Всех с новосельем!!! Приятного и полезного времяпрепровождения!!! :Ok:

----------


## Иринааа28

СПАСИБО!!!!!Такой новый, свежий, красивый домик. Молодцы!!! :flower:  :flower:  :flower:  :flower:  :flower:

----------


## пиракоша

:flower:  :flower:  спасибо!!!!

----------


## юрик71

Ура! Всех с новосельем в Нашем большом теремке ИН-КУ!

----------


## a_k_gib

> Дорогие друзья, я очень хорошо понимаю, как трудно перестроиться и привыкнуть к новому виду форума. Но если мы творческий портал, разве может быть у нас обычный традиционный дизайн? Мы должны выделяться, быть индивидуальны, иметь свою изюминку, чтобы попав к нам на форум, уже ни с каким другим его не спутать.
> Я очень надеюсь, что наши нововведения придутся вам по вкусу и этот дом станет таким же уютным и обжитым, как был старый. 
> Первое время возможны какие-то ошибки, которые мы будем своевременно удалять. 
> Ну что? В ПУТЬ!!! :smile:


 Доброго времени суток! Огромное спасибо всем, кто приложил руку к восстановлению форума и выведению его на более высокий уровень! ЛИЧНАЯ БЛАГОДАРНОСТЬ ВСЕЙ КОМАНДЕ МАРИНЫ ЗАЙКИНОЙ! 
А ВАМ, МАРИНА, Я ОТ ВСЕЙ ДУШИ ЖЕЛАЮ ОСУЩЕСТВЛЕНИЯ ВСЕХ ПЛАНОВ, НАМЕЧЕННЫХ ВАМИ! 
БРАВО!

----------


## Януська

Необычно, непривычно....но радостно, и это вдохновляет! Надеюсь над оформлением ребята еще немного поработают, я имею ввиду цветовое решение, несколько пестровато, на мой взгляд. Но это будет потом :))) 
А пока ОГРОМНОЕ спасибо Маришке и Кострову, за то что не бросаете нас на произвол судьбы :))) 
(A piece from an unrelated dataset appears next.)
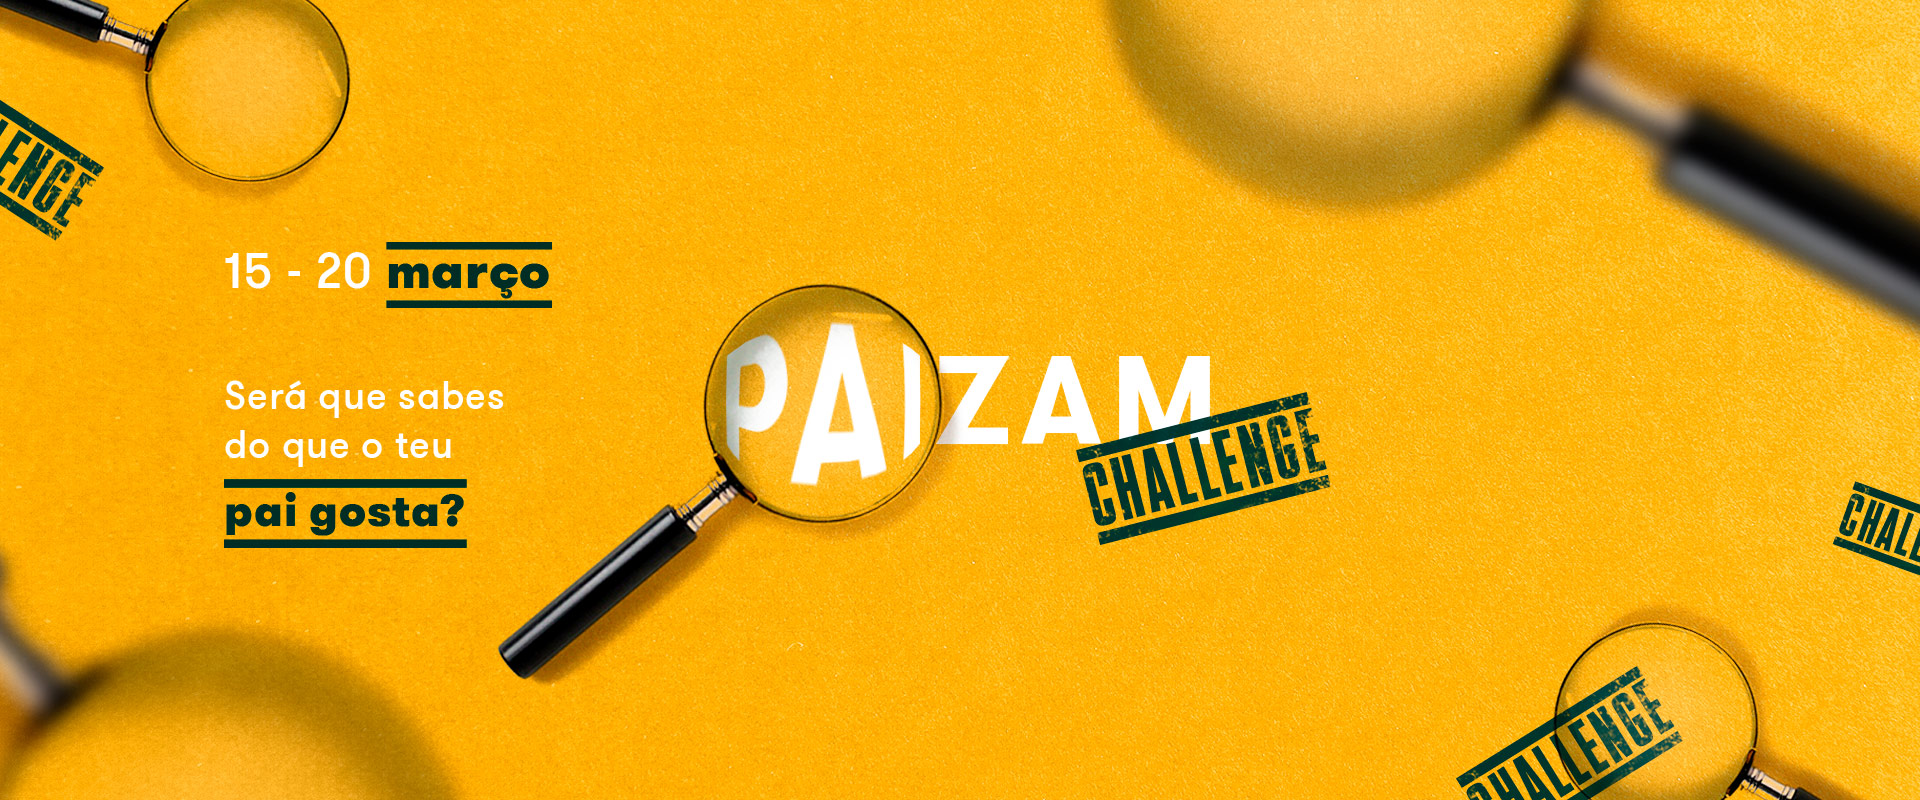 Uma imagem ao centro com Paizam challenge, agora imagine-se a participar.

И выскажу пожелание к форумчанам. Дорогие коллеги, страницы стали гораздо компактнее, чем было прежде. Давайте по возможности уберем из подписей всякие огромные картинки, линейки, мультяшки и т.д....Потому что реально, пока долистаешь до сообщения уже и читать не охота. оставляйте только самую важную инфу: имена, телефоны, скайпы и т.д. А то сообщение состоит из пары слов, а места занимает, на пол монитора.

----------


## belta123

Очень рада, что форум опять заработал! А самое главное, что нет этой раздражающей вывески:"Зайдите позже, сервер перегружен" С новыми кнопками освоимся.Главное - есть общение!!!

----------


## Курица

Мариночка!!! Слава Богу!!! Мы опять в нашем Доме, в новой квартире!Всё так интересно!
СПАСИБО сто раз твоим помощникам!
Ребята, я так рада, что мы опять вместе!
Уррррррррррррррррра!

----------


## Skadi

_Ну, что....сначала, конечно, необычно, непривычно, но - интересно! К тому же, необыкновенно приятно, что администрация так заботится и творчески подходит к любым вопросам, связанным с нашим общим домом, где все мы так любим бывать! 
Марина, спасибо огромное! Молодчина!_

----------


## Sign

Спасибо за Вашу работу! Изменения всегда радуют! Даже нравится!!! Но это тетрадная клетка меня просто убивает!!!))) Сразу школу вспоминаю)))

----------


## tatiana-osinka

А меня клетка возвращает к проверке тетрадей.... :Tu: 

Марина, я раньше в темы по подписке заходила из кабинета. Теперь этого не будет?

----------


## Ольга-63

> Марина, я раньше в темы по подписке заходила из кабинета. Теперь этого не будет?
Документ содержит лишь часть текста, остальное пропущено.